Past studies that identified preferred incentives in aging AD clinical trial patients found complimentary transportation to be the most popular incentive overall, with financial compensation being especially important in minority populations (Bonk, 2010; Clark et al., 2019; Clement et al., 2019; Graham et al., 2018; Heller et al., 2014; McDougall et al., 2015; Young et al., 2015). Both of these conclusions were contrary to our findings, which could be attributed to the collectivist culture of many Hawaiian residents and the smaller geographic size of Hawaii (Pokhrel et al., 2016).

Compared to other states, Hawaii has a large prevalence of Japanese and Chinese culture centered around the idea of ohana (family). Similarly, NHs place a high level of importance on the family unit, which is reflected in their daily lives (Andrade and Bell, 2011; Pokhrel et al., 2016). Family is a driving influence for the social, cultural, and political ideologies held by NHs (Pokhrel et al., 2016). This belief system stems from the 20th century, when outsiders migrated to Hawaii and NHs relied on each other for support.

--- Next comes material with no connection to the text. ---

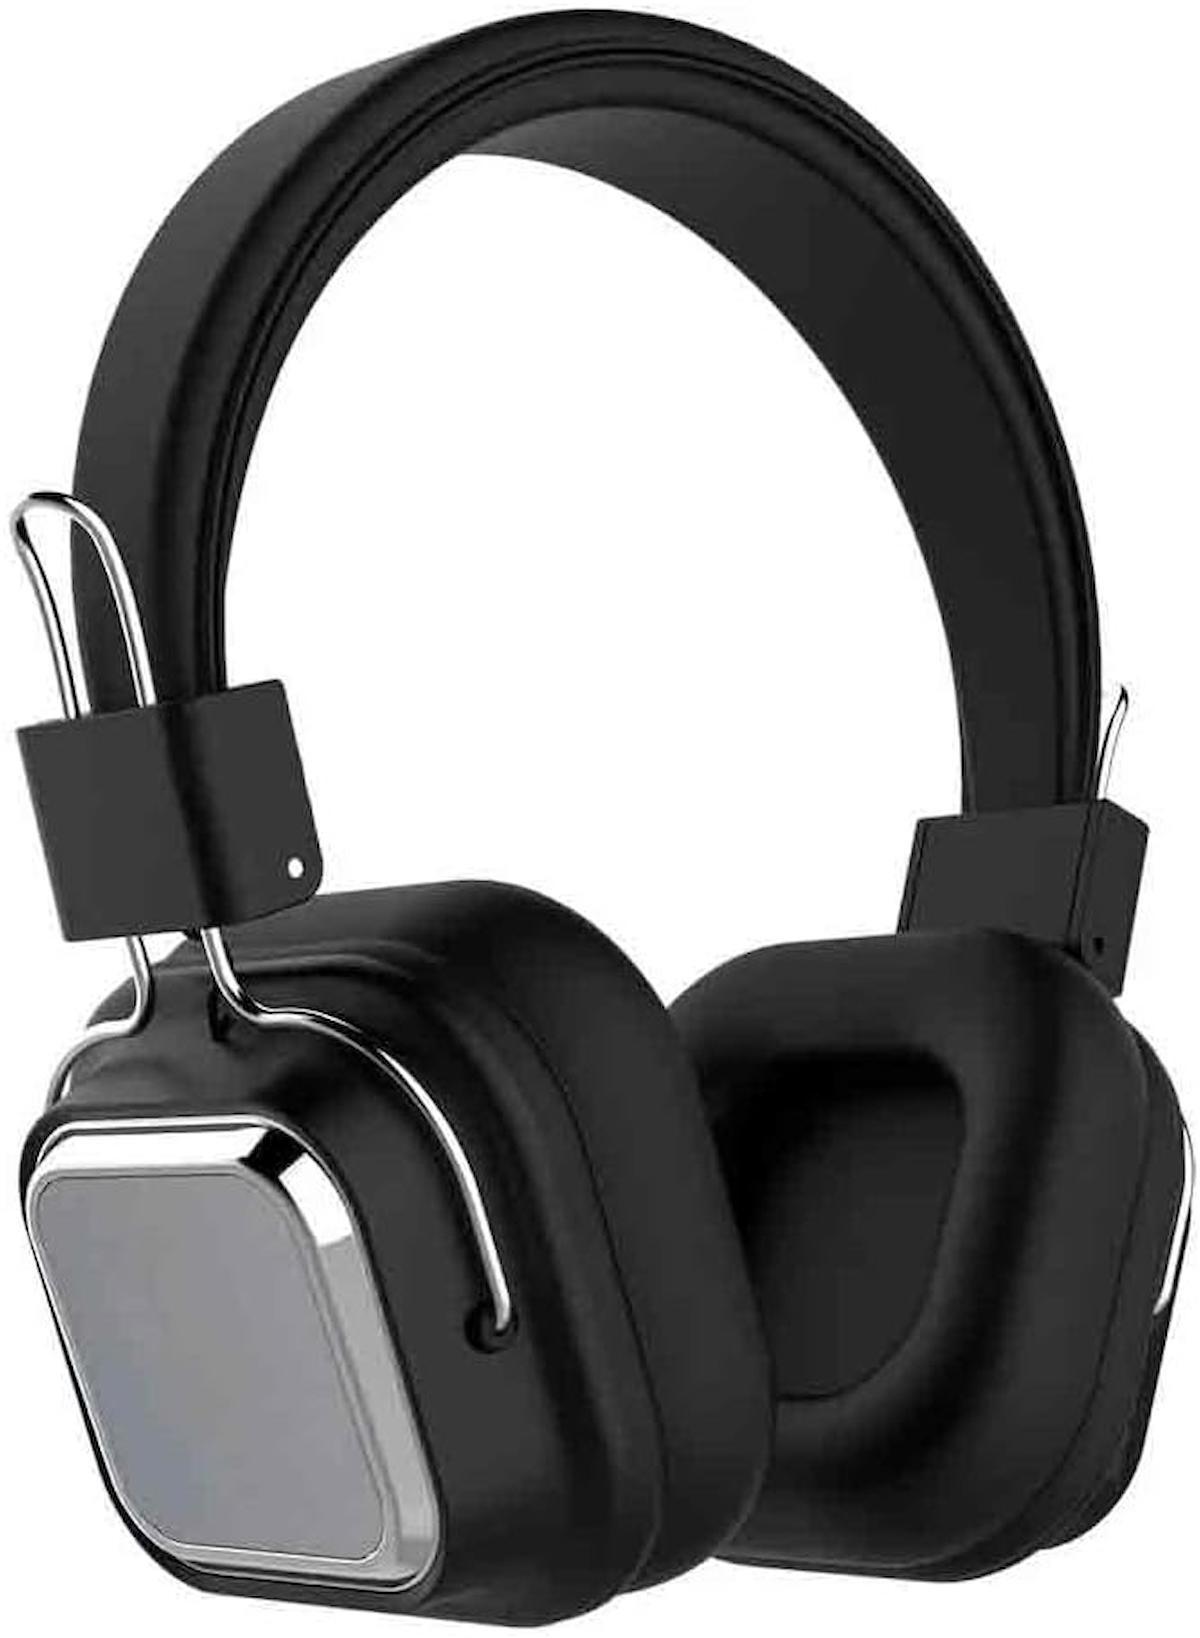 Mikrofonlu Bluetooth 5.0 Kablosuz Kulak Üstü Kulaklık Gürültü Engelleme Özelliği Sporda Doğada Evde Rahat Kullanım Siyah Renk F1003

This type of collectivist culture creates a strong support system, extending the traditional nuclear family to include makua (aunts and uncles) and kupuna (grandparents). A strong social network is crucial for optimal patient outcomes and has widespread empirical support. The creation of community-based health programs has also been shown to improve health care management and patient understanding of disease in NH populations (Higa et al., 2021). Combining the benefit of community programs with the strong support system inherent to NH families could help to bridge the information gap between patients, their families, and clinical trials.

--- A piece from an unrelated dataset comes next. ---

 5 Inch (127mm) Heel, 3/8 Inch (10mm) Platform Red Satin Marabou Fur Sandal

Similar to the NH patients in our study, the Asian patients in our study wanted additional information to be provided to family members and to patients. Because collectivist ideologies are also emphasized in Asian culture, many health care decisions are made as a family rather than as an individual (McLaughlin and Braun, 1998). This cultural difference helps to clarify the results seen in our study compared with White participants and past literature. Two such studies documented barriers to clinical trial participation among Asians in Singapore and Britain (Hussain-Gambles, 2004; Lee et al., 2016). The results of these studies determined that barriers and facilitators to clinical trial participation in Asians were similar to those of White trial participants. This finding could be attributed to the difference in Asian culture in other countries compared to the United States, where the value of the family unit is held strongly in Asians, similar to what was seen in NHs (Pokhrel et al., 2016). Knowing this, providing Asian patients and their families with more detailed clinical trial information and allowing them sufficient time to discuss it as a family should be made a priority. Having this additional knowledge and support may help Asians make future clinical trial enrollment decisions more confidently.

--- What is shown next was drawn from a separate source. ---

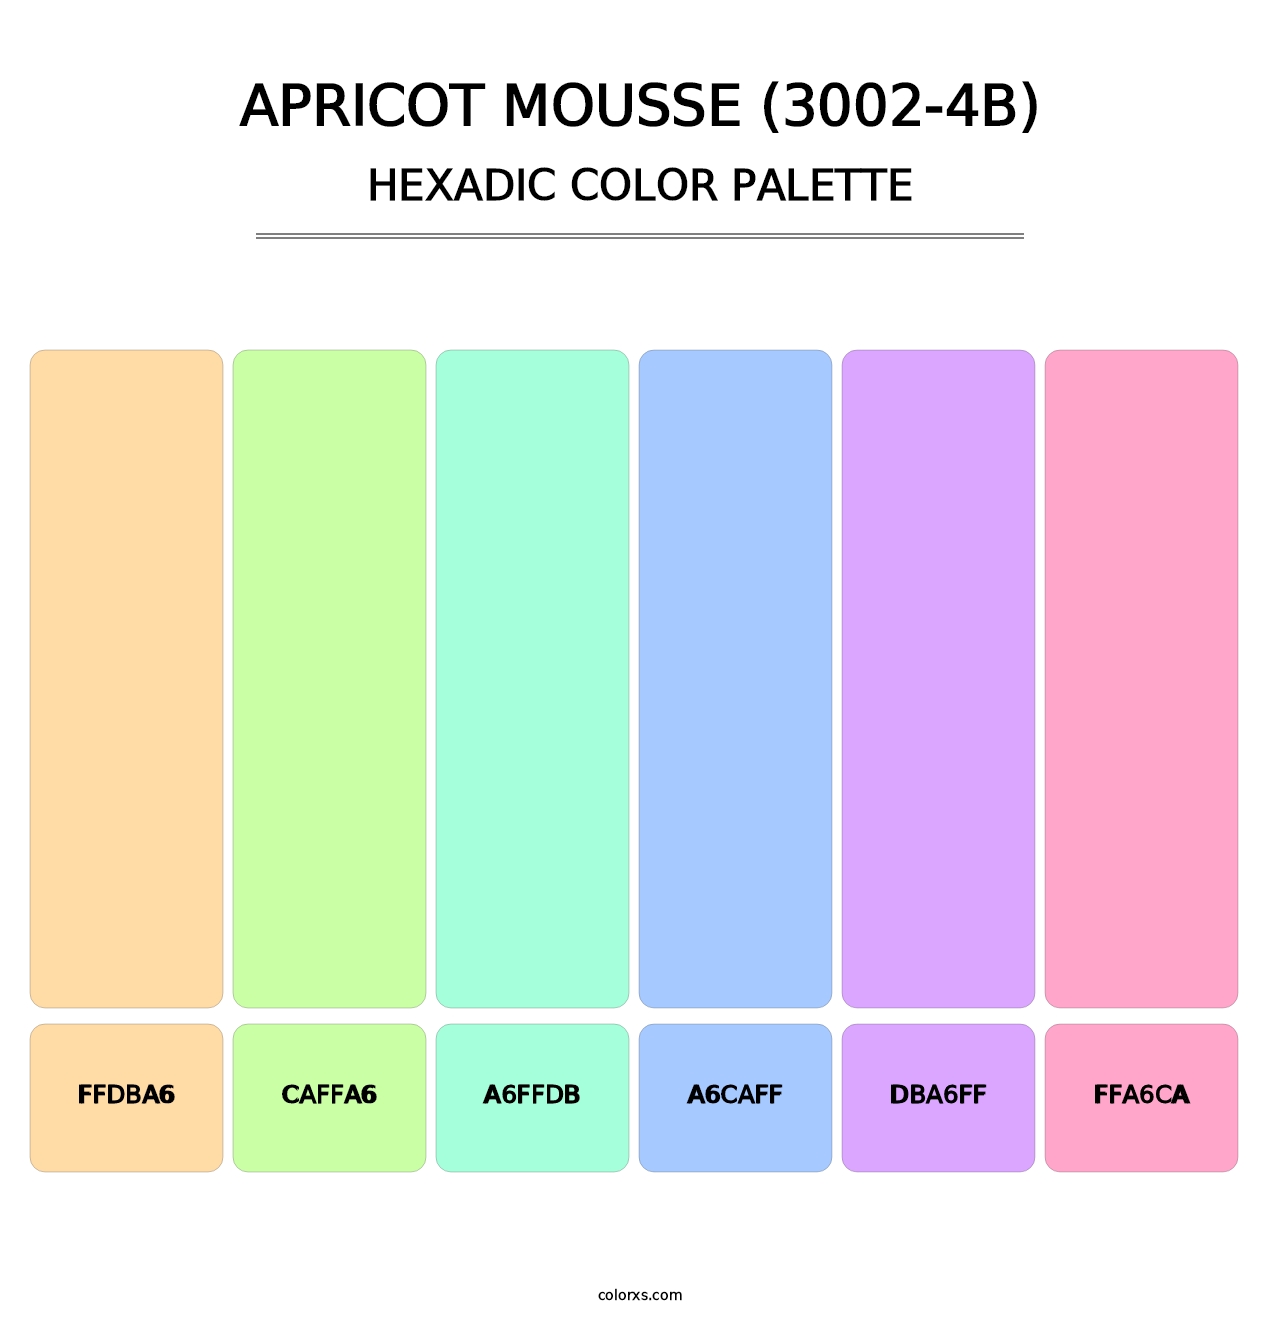 Apricot Mousse (3002-4B) - Hexadic Color Palette

Logistical obstacles in the form of distance from AD clinical trial sites, inability to secure transportation, and scheduling conflicts also prevented patients from participating in clinical trials. While this was not the primary obstacle to participation in AD trials, patients still noted transportation as a significant obstacle to trial enrollment. The disparity between mokus (regions) in Hawaii could have contributed to this issue (Winter et al., 2018). Oahu is split into six major mokus, and access to health care and transit services varies considerably between them. Patients living in Honolulu may benefit from transportation services that patients living in Kahuku, a rural city in northeast Oahu, do not have access to.

Transportation was found to be a barrier to clinical trial participation in past studies, and while it was a concern for our study’s participants, it was not their primary obstacle. This finding could be attributed to access to affordable paratransit services in Hawaii (Ing et al., 2014). Additionally, having a strong support system allows for more transportation options, including private transportation or better scheduling of government transportation services, leading to this being less of a concern in Asian and NH patients than additional information regarding AD clinical trials.

Health care access to rural parts of Hawaii is an ongoing issue that still has not been adequately addressed. Although it may not have affected the majority of our study participants, examining disparities in barriers to clinical trial participation by moku could provide a more nuanced look at Hawaii-specific barriers.

Study Limitations

Our pilot study was strengthened by its inclusion of racial minorities who are not often represented in literature on clinical trial participation and whose unique health risks are often not considered by researchers. However, our study was limited by its response rate. We used a 6-month time period, which we felt was adequate for a robust participation rate. However, we only experienced a response rate of 26.2%. Although limited, these results provide useful insight, and future research should look into a larger cohort spanning a wider range of time in order to better generalize the results and provide a more complete dataset.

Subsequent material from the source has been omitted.